28 S.E. 188 | N.C. | 1897

"The defendants in the above entitled action show to the court —

"1. That at the January Term, 1897, of this Court, upon the complaint herein filed, a decree by consent was rendered against the defendants, adjudging the defendants, Samuel J. Davis, A. H. (127) Zoeller and V. E. Zoeller, to be indebted to the plaintiff receivers in the sum of $4,345.86, with interest thereon from 26 July, 1895, such sum being alleged and ascertained as set forth in the complaint, and also adjudging that the property described in the complaint be foreclosed.

"In said decree it was set forth that — *126

"Counsel for all parties agree that nothing in this decree shall preclude the defendant from contending before the court, before final decree is signed, for a further credit of 30 per cent of the amount paid to the Carolina Interstate Building and Loan Association; and if such contention shall be found in their favor, that the amount of the judgment herein rendered for the debt due shall be amended accordingly, and if found against them, then said judgment as herein rendered shall stand."

"2. That sufficient of the property described in the complaint was sold under foreclosure by the commissioner herein appointed, and the said sum so adjudged to be due the plaintiffs was paid, with the costs in this action, out of the proceeds of said sale.

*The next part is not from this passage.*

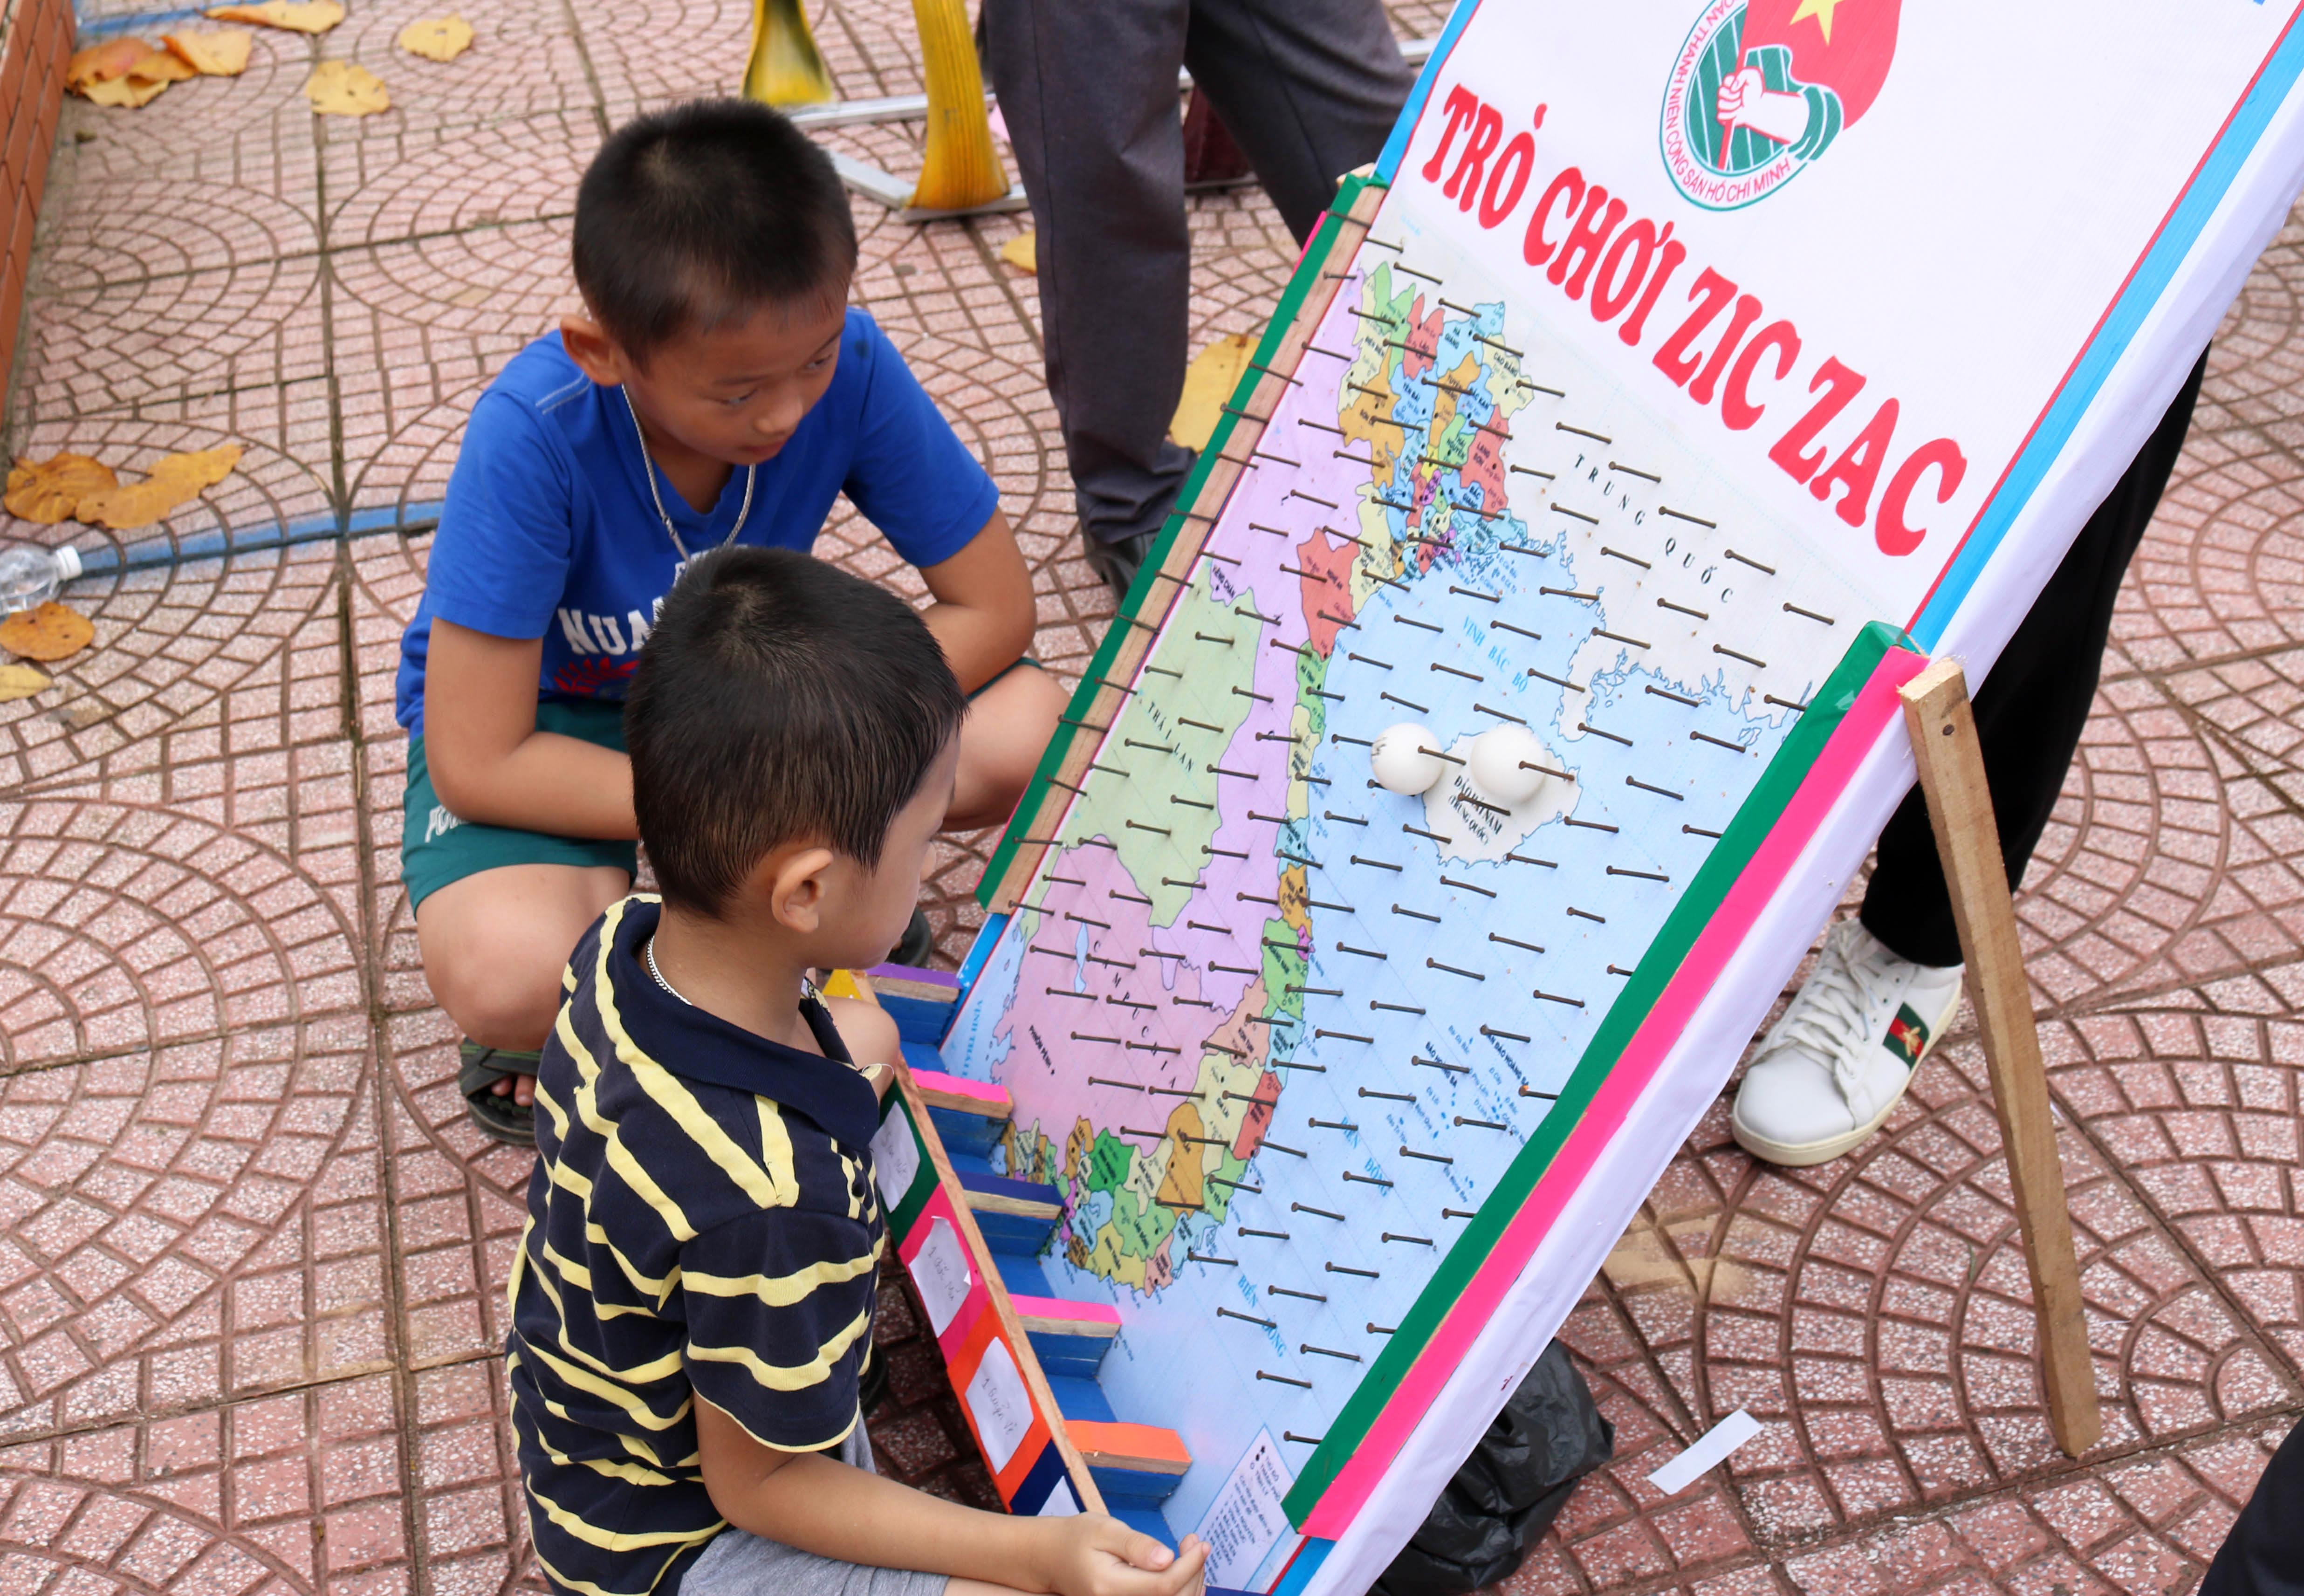 Trò chơi zích zắc trên bản đồ Việt Nam không chỉ giải trí mà còn giúp trẻ em có thêm những hiểu biết về đất nước,  biển đảo… Ảnh: Huy Thư

"3. That according to the statement of account attached to the complaint, the defendants were due on their mortgage to the plaintiff receivers, on 5 July, 1894, the sum of $5,316.66, which is admitted to be true; that there were due by the plaintiff association on the stock of these defendants, as shown by said statements, after allowing all credits, with average interest, the sum of $1,274.58, which is admitted to be true, being the nominal value of such stock at the time of insolvency, as set forth in the complaint; that of this nominal value of stock the defendants were credited by the plaintiff receivers with only the (128) sum of $892.21, being 70 per cent of the nominal value of said stock, under the plan heretofore directed by the court in the general suit wherein the receivers were appointed.

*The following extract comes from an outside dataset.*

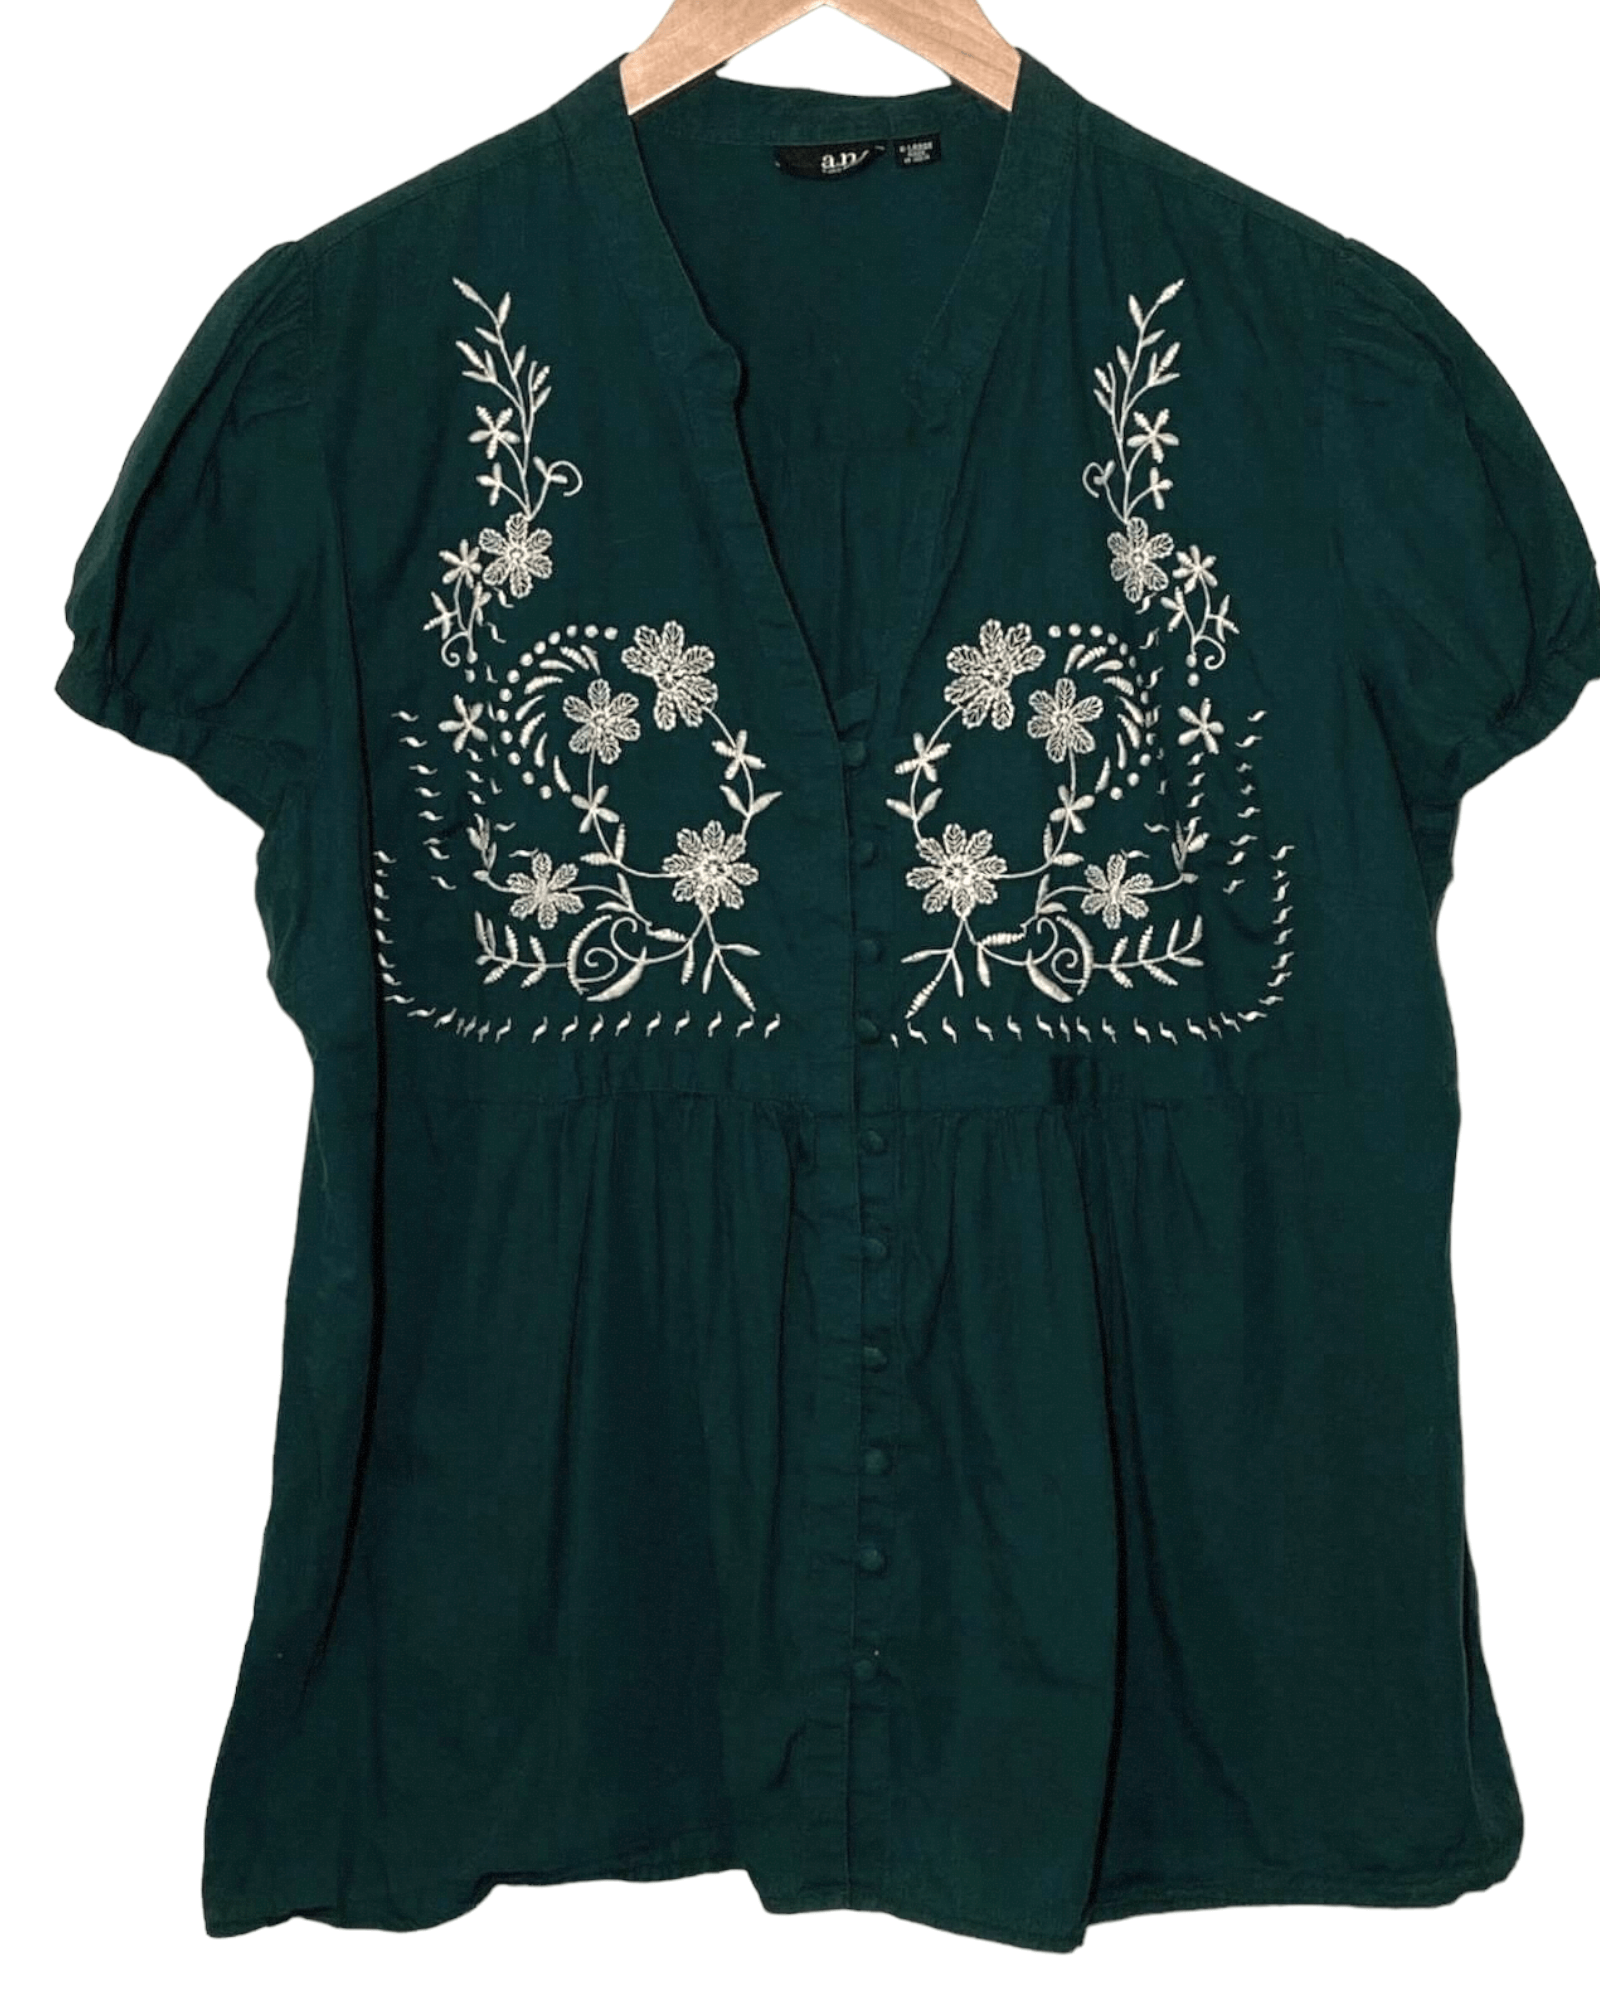 Soft Autumn ANA fir green floral embroidered shirt

"4. That the receivers did not credit to these defendants the remaining 30 per cent of the nominal value of said stock, to-wit, the sum of $382.37, because, as they alleged in the complaint, the said sum represents the prorata share of the loss sustained by the association, for which these defendants, as claimed by said receivers, are liable.

"5. The defendants do not dispute the amount of $382.37 to be correct, if in the settlement of their mortgage debt they are chargeable at all with any pro rata of the losses sustained by the association, but defendants allege that they are entitled in the settlement of their mortgage to the credit of the said amount, and are not liable to be charged for any prorata of the general losses sustained in the settlement of the debt secured by the said mortgage.

"6. Defendants admit that the account attached to the said complaint is correctly stated, according to the mode of settlement prescribed under the order of his Honor, Judge Coble, but they deny that the plan of settlement prescribed by the court and demanded by the receivers is in harmony with the decisions of the Supreme Court of this State.

"Wherefore, the defendants ask that the receivers be directed to pay over to them the said sum of $382.37, charged by them against these defendants and paid to said receivers out of the proceeds of the sale of said property." *127

At September Term, 1897, of NEW HANOVER, his Honor, Allen, J., refused the petition, and defendants appealed. This is a petition in the cause, filed by the defendant corporator of the insolvent Carolina Interstate Building and Loan Association. It asks the judge to make an order requiring the (129) receivers to pay the petitioners $382.27, now in the hands of the receivers, arising from a sale of the defendant petitioner's property. It is admitted that $382.27 is their pro rata proportion of the deficiency of this defaulting association.

To grant the order asked for would be to relieve the petitioners from the burdens of the defalcations of their insolvent association, at the expense of their associate corporators.

We cannot discuss this proposition. It has so recently been discussed and decided by this Court that we will only refer to these cases —Strauss v. B. and L. Assn., 117 N.C. 308; s.c., 118 N.C. 556; Thompsonv. B. and L. Assn., 120 N.C. 420. These cases seem to settle the question raised by the petition, especially the last case cited, where the very question is discussed.

The court properly refused to make the order prayed for, and the ruling of the court below is

Affirmed.

Cited: Meares v. Duncan, 123 N.C. 206; Williams v. Maxwell, ib., 595;B. L. Assn. v. Blalock, 160 N.C. 492.